This is the Nissan Z Proto and it proves that old-school sports cars are not dead in the 21st century.
The original 240Z tracks back to 1969 and the same basic formula – front engine, manual gearbox, rear-wheel drive, two seats – is being continued in the upcoming seventh-generation Z.
The power-plant will be a twin-turbo V6, feeding to a six-speed manual shift, and there is no hint of any electrification.
The unveiling of the all-new Z is the final stage before full-scale production, although Nissan is not yet ready to share details on timing, pricing, or the car’s arrival in Australia. It confirms the car is 4382 millimetres long, 1850 wide and 1310 tall, with 255×40 R19 front tyres and 285×35 rubber on the rear.
Crucially, the reveal of the car includes footage of it driving at a Nissan test track, often accompanied by cars from the sixth previous generations of Z-Car.

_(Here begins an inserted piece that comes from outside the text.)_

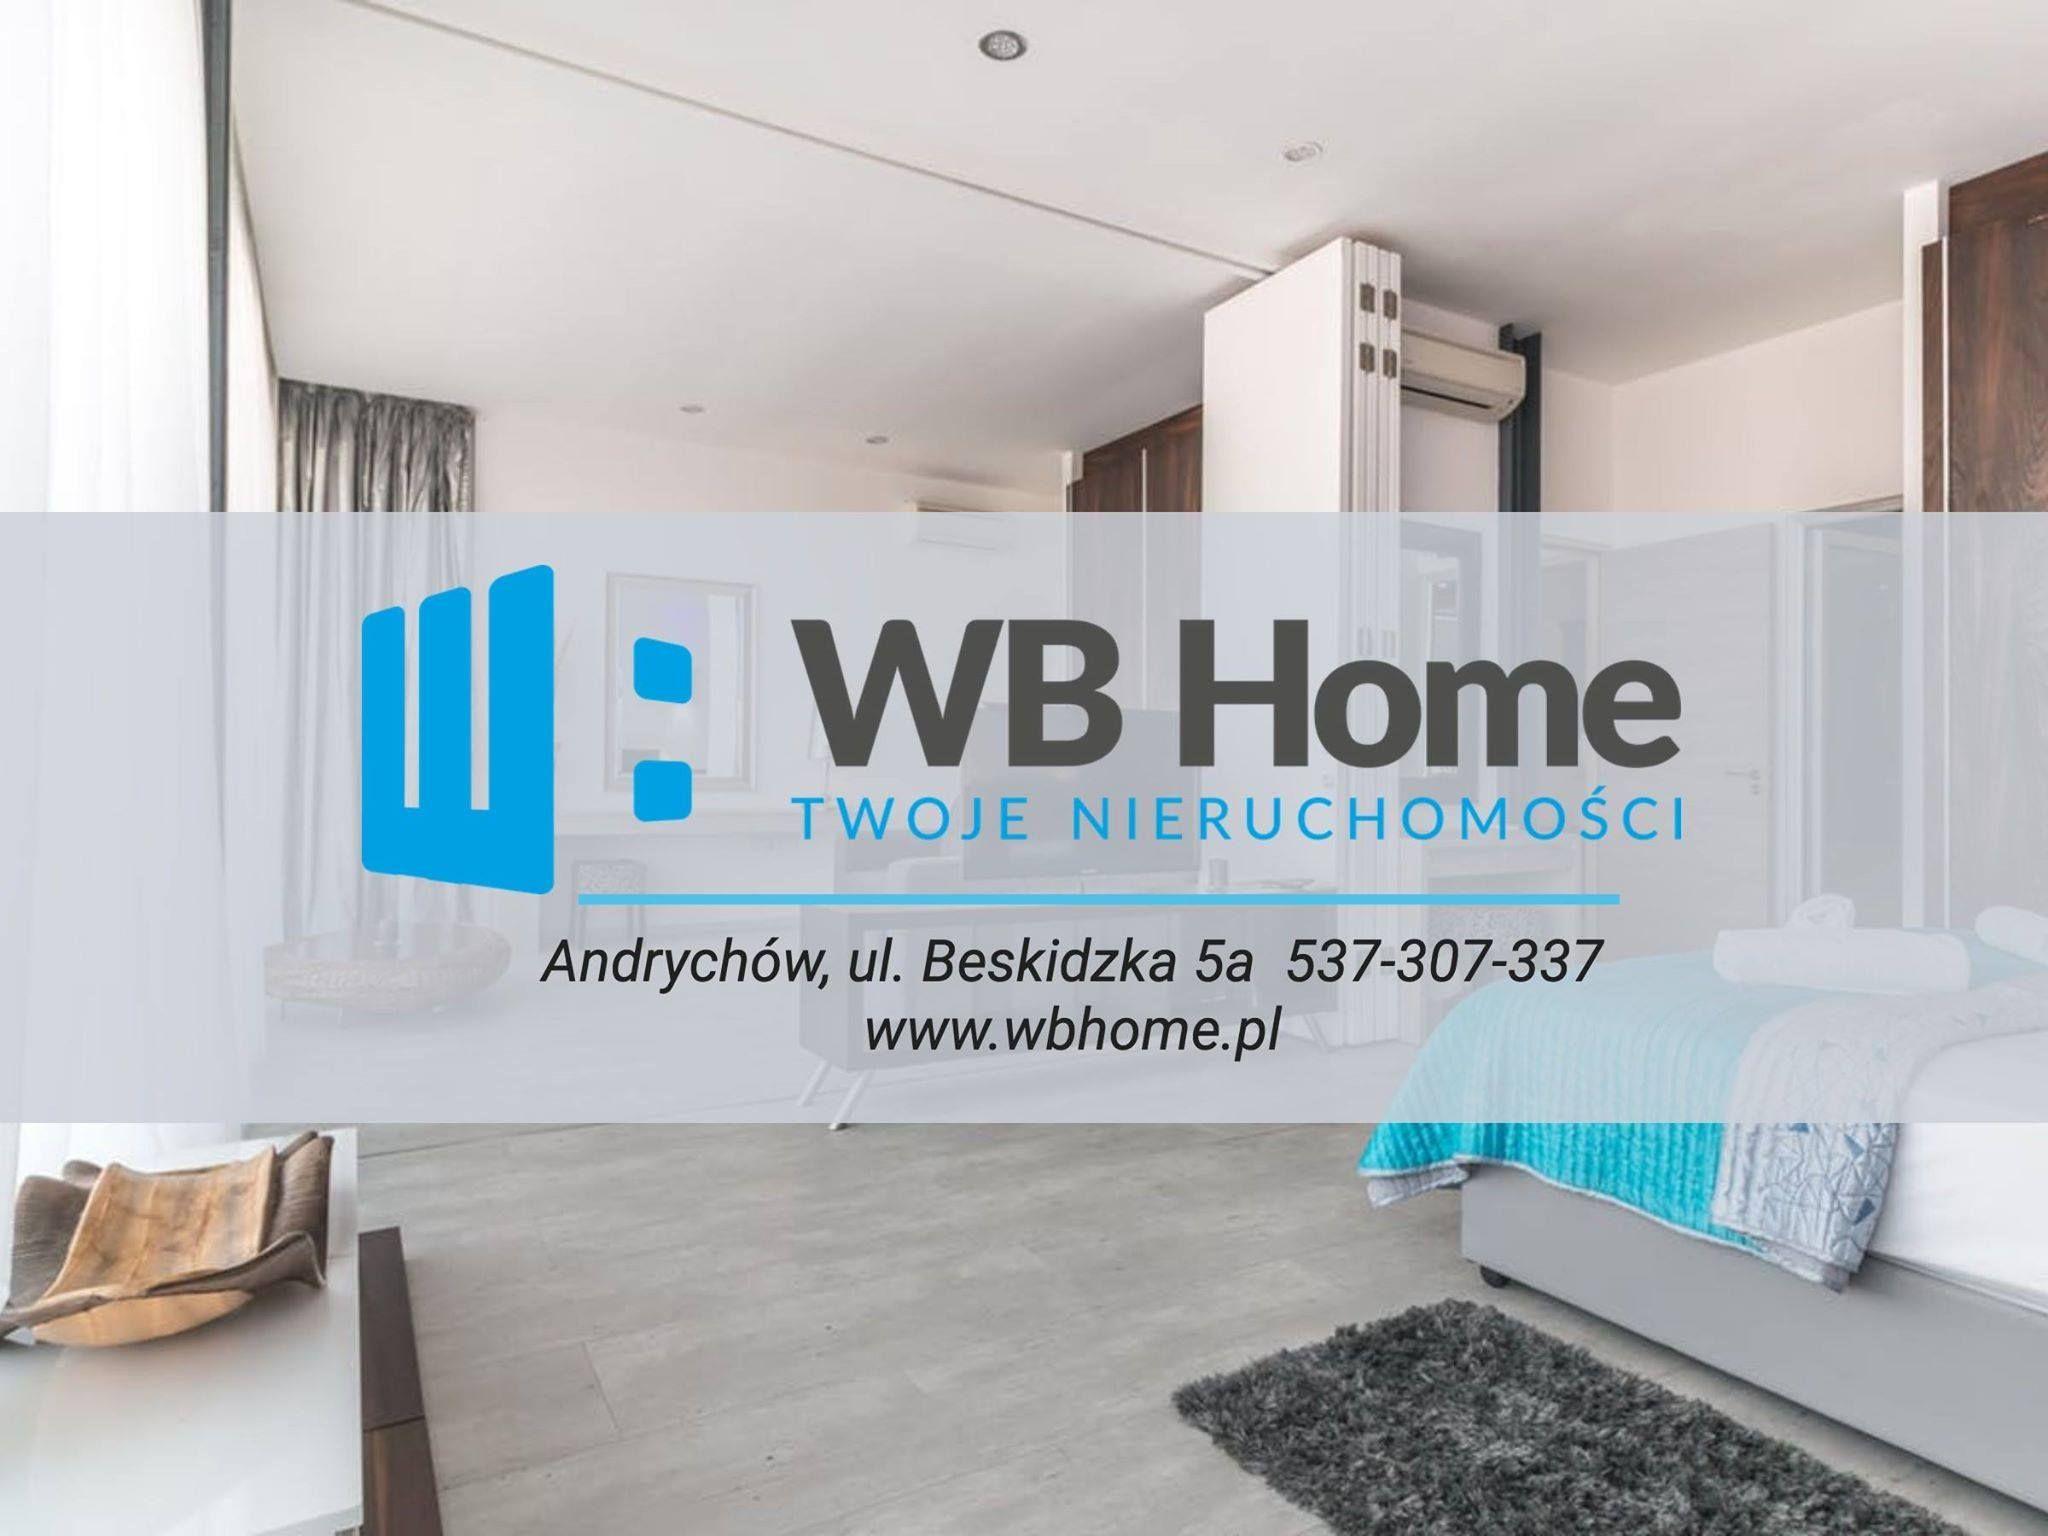 WB Home - nowe biuro nieruchomości w Andrychowie

“The Z Proto you see here is not a concept. The look is close to final,” says Nissan’s CEO, Makoto Uchida, as he unveils the car at Nissan’s design headquarters at Yokohama in Japan.
“Now we are taking the Z to the next level. I’m excited to announce that the new Z is coming.”
He has plenty of upbeat talk around the car, which stars with bright yellow bodywork and a black roof, as well as the traditional bank of three gauges in he centre of the dashboard.
“We want your drive to be powerful, exciting and engaging. It’s proof that we can do what others don’t dare to do,” Uchida says.
“With the Z we are bringing drivers that excitement of a pure sports car. The Z is our DNA. The Z shows our passion for emotional design and the joy of driving.”
The big question, now, is what is happening to the Nissan GT-R. With the long-running Z-car heading for a complete overhaul it should mean that the GT-R will be next, but perhaps with more of an electric input than the straightforward Z Proto.